Review: Bridge to Terabithia
Last night I decided to watch Bridge to Terabithia. It was a confusing experience. I will be first to accept that I am probably not ‘who this was made for’, an adaptation of a literary work for and about younger people than me wrapped up in Disney fuzziness. The film follows Peeta Mellark and his far too chirpy next door neighbour as they deal with their respective emotional/familial issues by imagining a childlike world of wonder. Here the more ethereal dangers that plague the young protagonists lives, such as bullying and a perceived lack of parental attention, manifest as trolls, flying gopher type things, and a mysterious shadow guy. By becoming solid they can be tackled head on, and as they do so Mellark and his not-girlfriend become happier.

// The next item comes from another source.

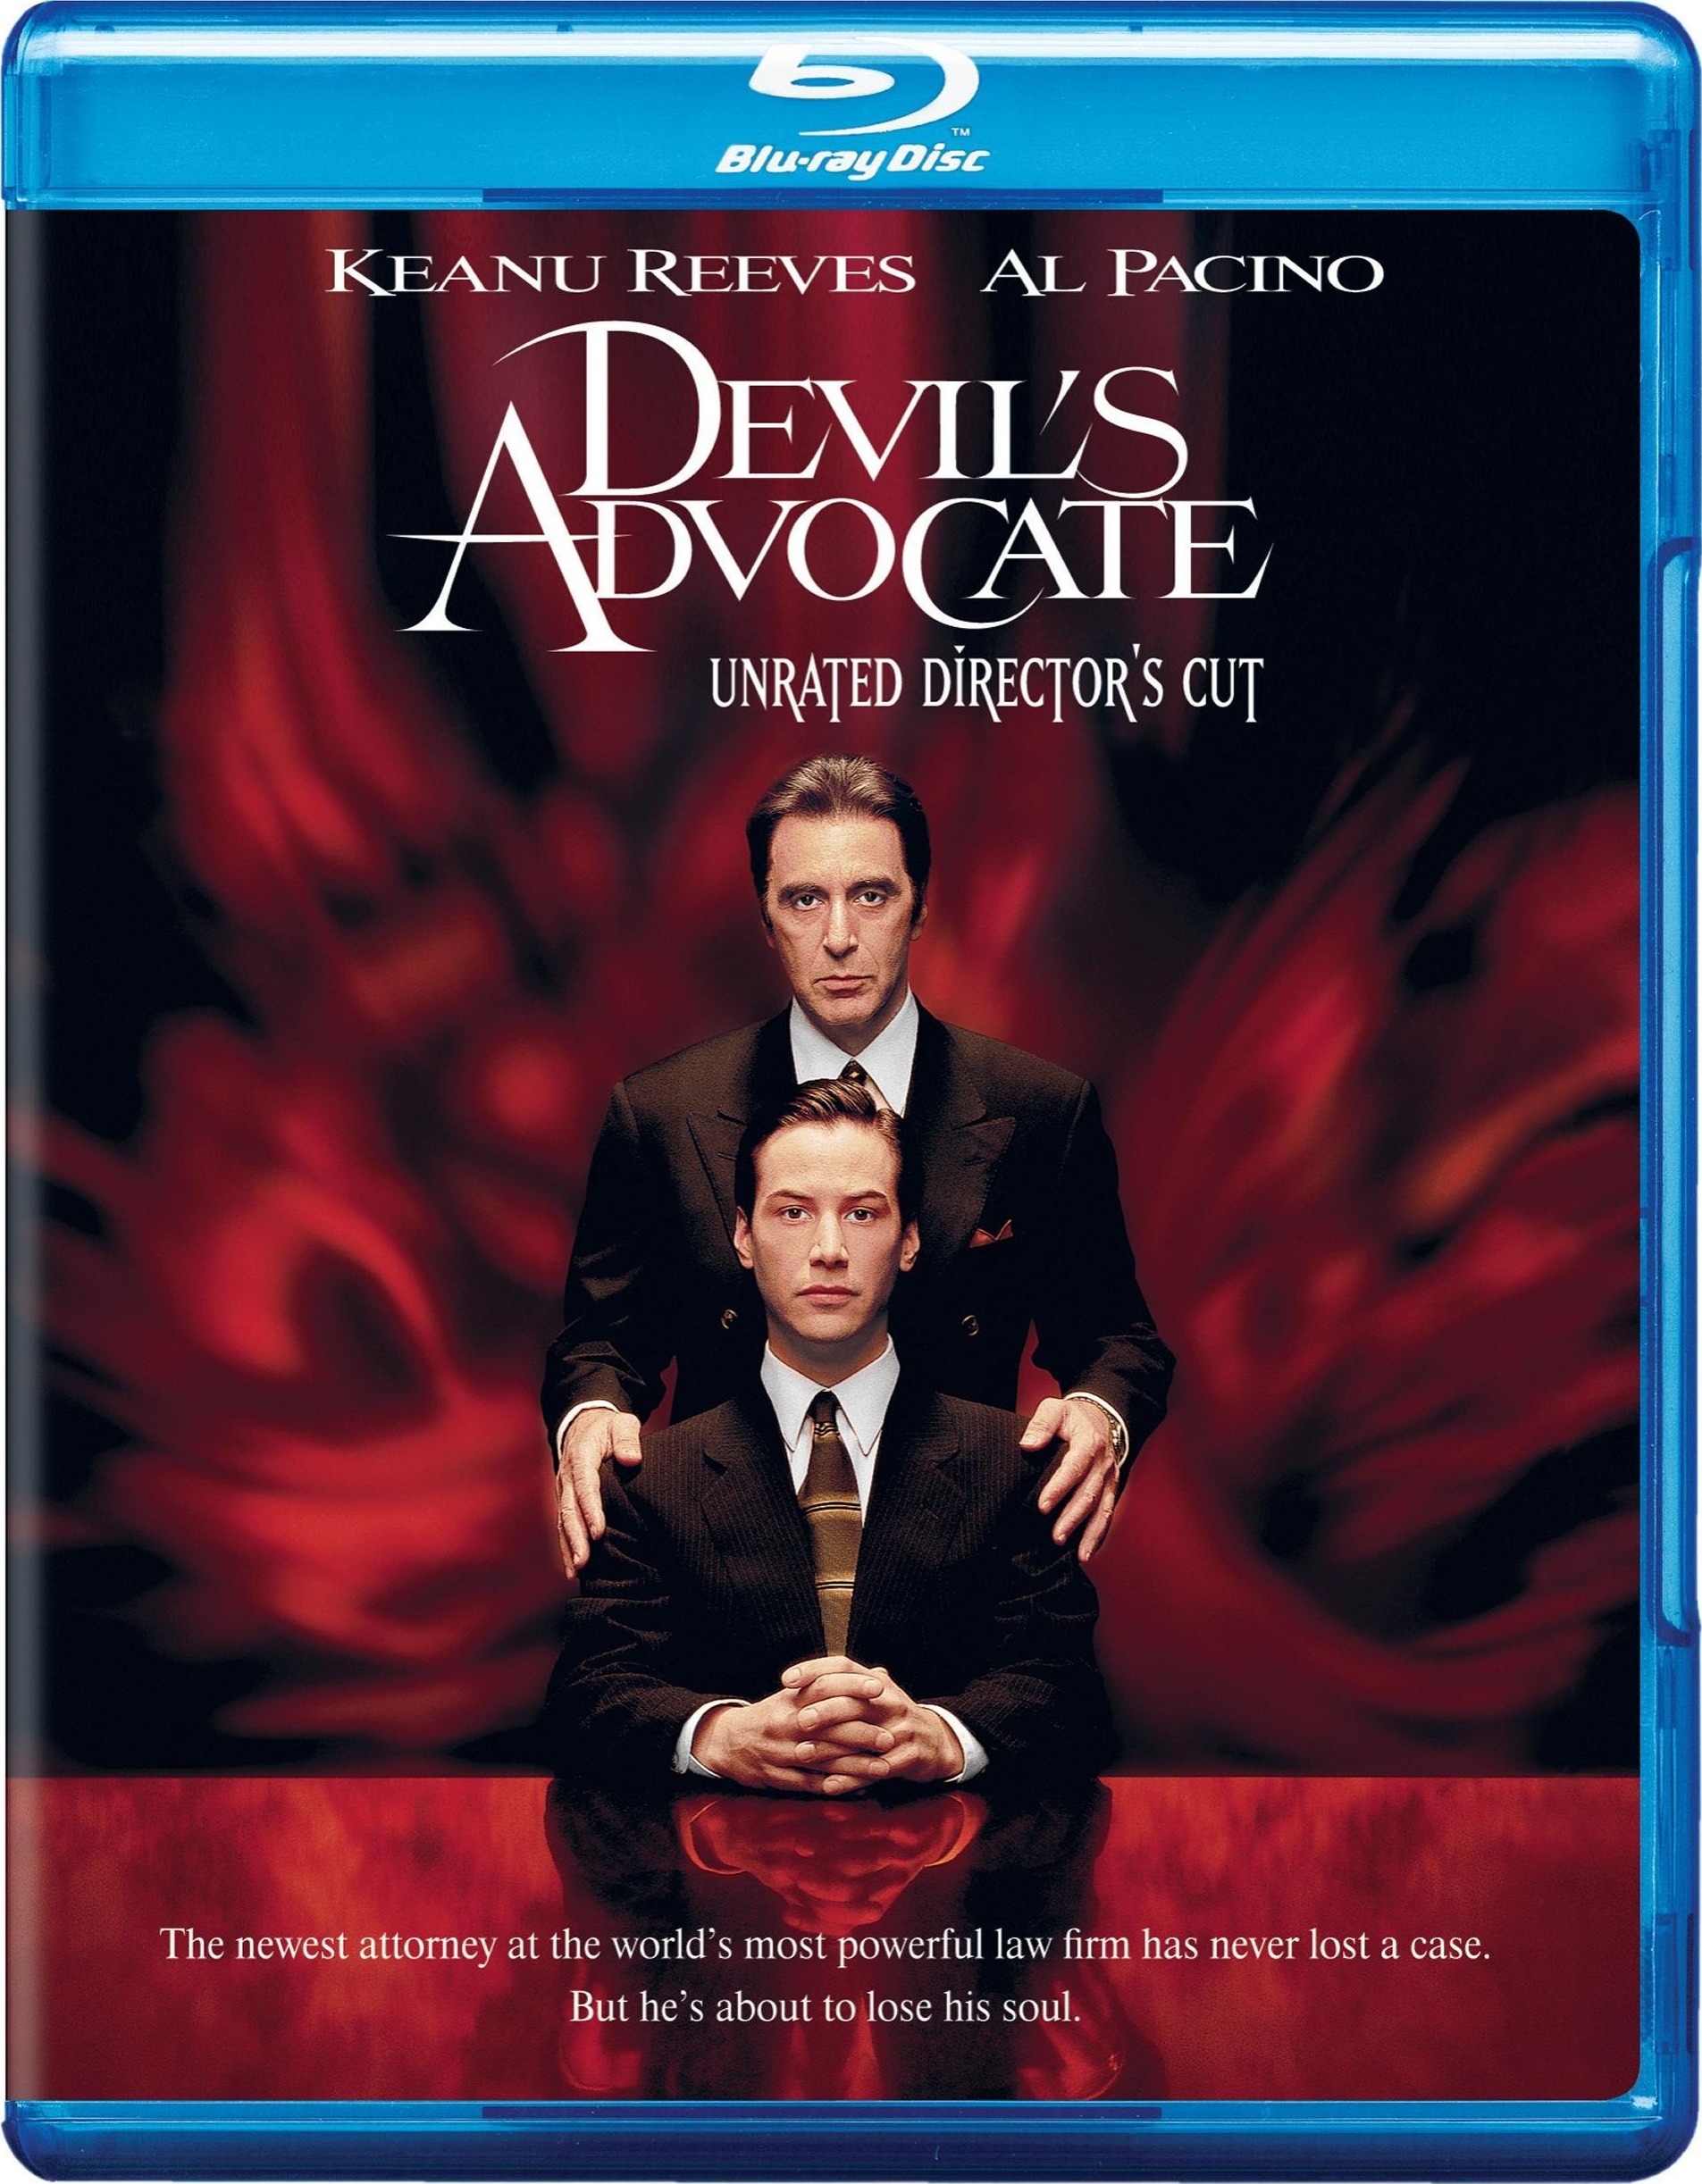 魔鬼代言人 / 追魂交易 / 火速大行动 [华纳版导演剪辑版 正片评论花絮中字 DIY国配简体字幕] The Devils Advocate 1997 DC Blu-ray 1080p blucook#355@CHDBits[43.93 GB]

However what I imagine in the book resolves as a beautiful commentary on escapism and the role of imagination in how we deal with the less manageable aspects of our lives, translates into the realness of film as a sort of shared schizophrenic episode. I have not read the book, but Wikipedia says it is one of the most frequently challenged books around. The film makes it obvious why, the lives of the people in the film are messy and their relationships are complicated in ways we are unused to in fiction for this audience. In this respect it should be great, it doesn’t wrap everything up in comfortable little packages because it believes its audience isn’t sophisticated enough to deal with what it is showing.
The problem is that in many ways the characters issues are caricatured and more problematic than they reasonably need to be. Mellarks father loves his sisters more than he loves him; we know this because whilst his sisters get sweet goodnights, Mellark is left with a gruff ‘lights out’. We never learn why this is. Some might argue that it is in fact not the case, there is a scene later in the film where the father does tenderly tuck the boy into bed, the problem is, the boy isn’t awake, in the world of the film his father still doesn’t love him as much as his siblings. This is just one of a plethora of similar problems, the film argues that bullying as revenge is a legitimate activity, it has a barely present mother whose attitude to her child is also not explained, and if you read the literal painting of a wall with gold as saying something about wealth, it says that money makes families happier.
These things might all be true, they might even be interesting in the hands of another film for a different audience, perhaps one that is prepared to think about how these things might have come about, but here the broad stroke caricatures of characters make them into a series of problematic events portrayed by characters with little or no motivation. Am I supposed to hate the father because of his nepotism? I do not know because I do not know why it exists. The film’s final moments ‘probably’ see the dark mysterious shadow person of the forest resolve into Mellarks father, who, rather than harming him catches him in an embrace – in doing so the film teaches us that the path to resolution can lay in the imaginary worlds it depicts, implicitly rejecting the ‘get your head out of the clouds’ attitude the film’s most divisive character (the father) adopts in response to his son. The problem is, the issues the film depicts, including a death, could be resolved by doing just that.